A regular triangle is inscribed in a circle. Find the area of the smaller segment of the cut off one of the sides of the triangle if the radius of the circle is 18 cm.

Determine the area of ​​the circle. Scr = π * R2 = π * 324 cm2.

The radii ОА, ОВ, OC divide the circle into three equal sectors, then the area of ​​the AOB sector is equal to:

Ssec = Scr / 3 = π * 324/3 = π * 108 cm2.

In triangle AOB, angle AOB = 360/3 = 120. Triangle AOB is isosceles, since OA = OB = 18 cm, then the height OH is also its median and bisector, then angle BOH = 120/2 = 60, angle OBH = (90 – 60) = 30. Then the leg OH lies opposite the angle 30, then OH = OB / 2 = 18/2 = 9 cm.
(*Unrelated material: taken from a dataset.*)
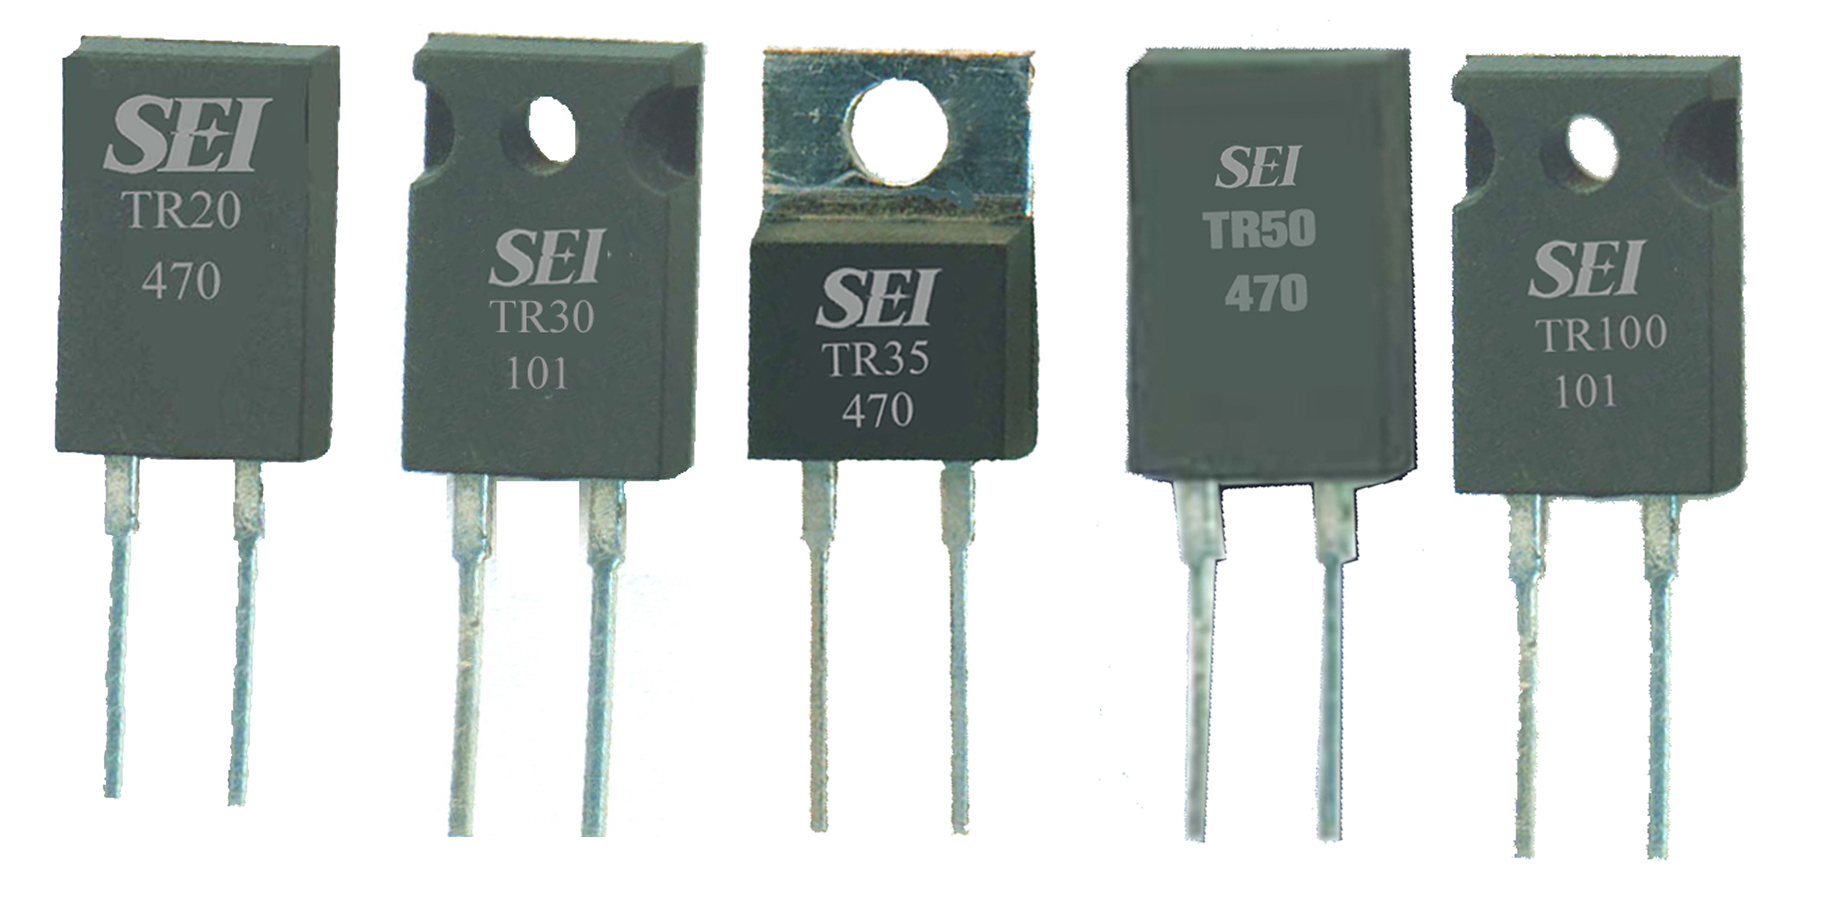 Power Resistors Offer up to 100W
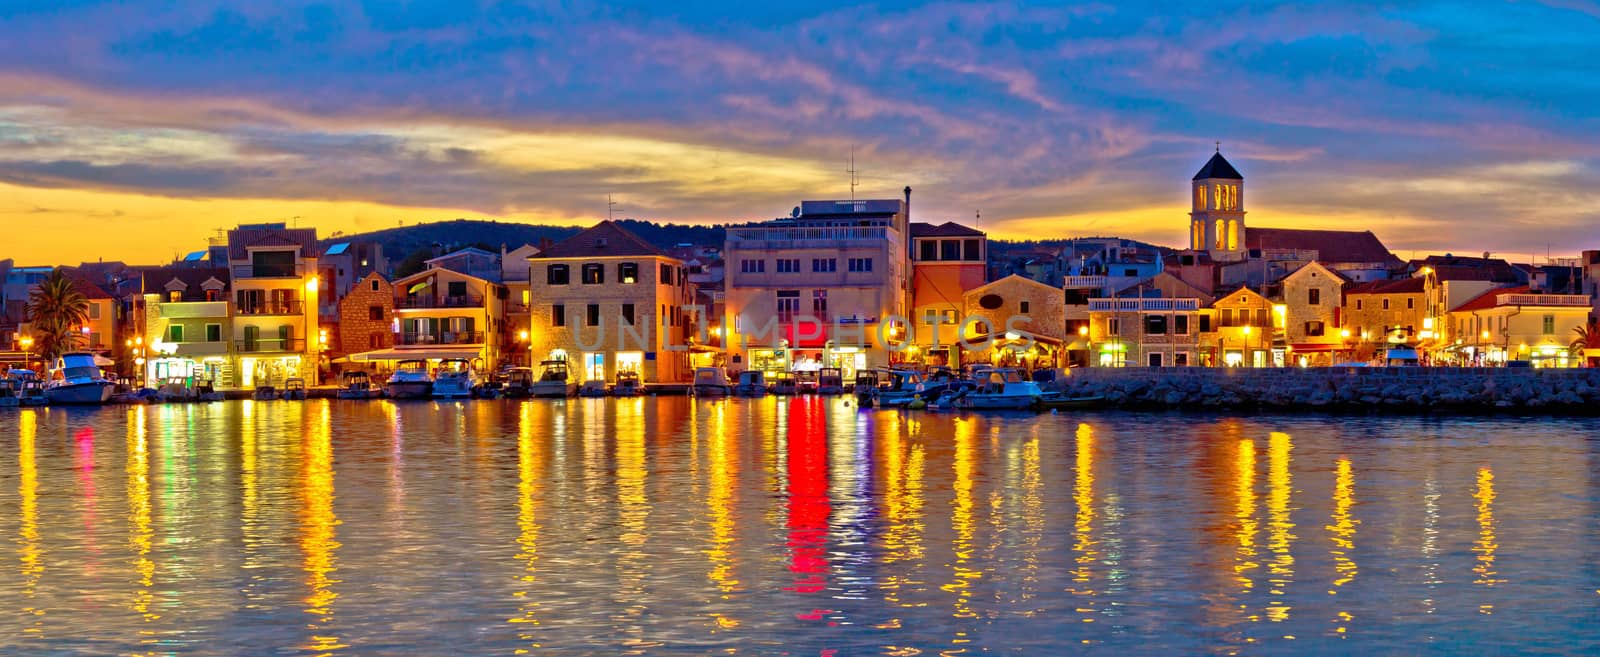 Colorful evening in Town of Vodice by xbrchx

BH ^ 2 = OB ^ 2 – OH ^ 2 = 324 – 81 = 243.

BH = 9 * √3 cm.Then AB = 2 * BH = 18 * √3 cm.

Determine the area of ​​the triangle ABC.

Savs = AB * OH / 2 = 18 * √3 * 9/2 = 81 * √3 cm2.

The area of ​​the segment is equal to: Sseg = Ssec – Savs = π * 108 – 81 * √3 = 27 * (4 * π – 3 * √3) cm2.

Answer: The area of ​​the segment is 27 * (4 * π – 3 * √3) cm2.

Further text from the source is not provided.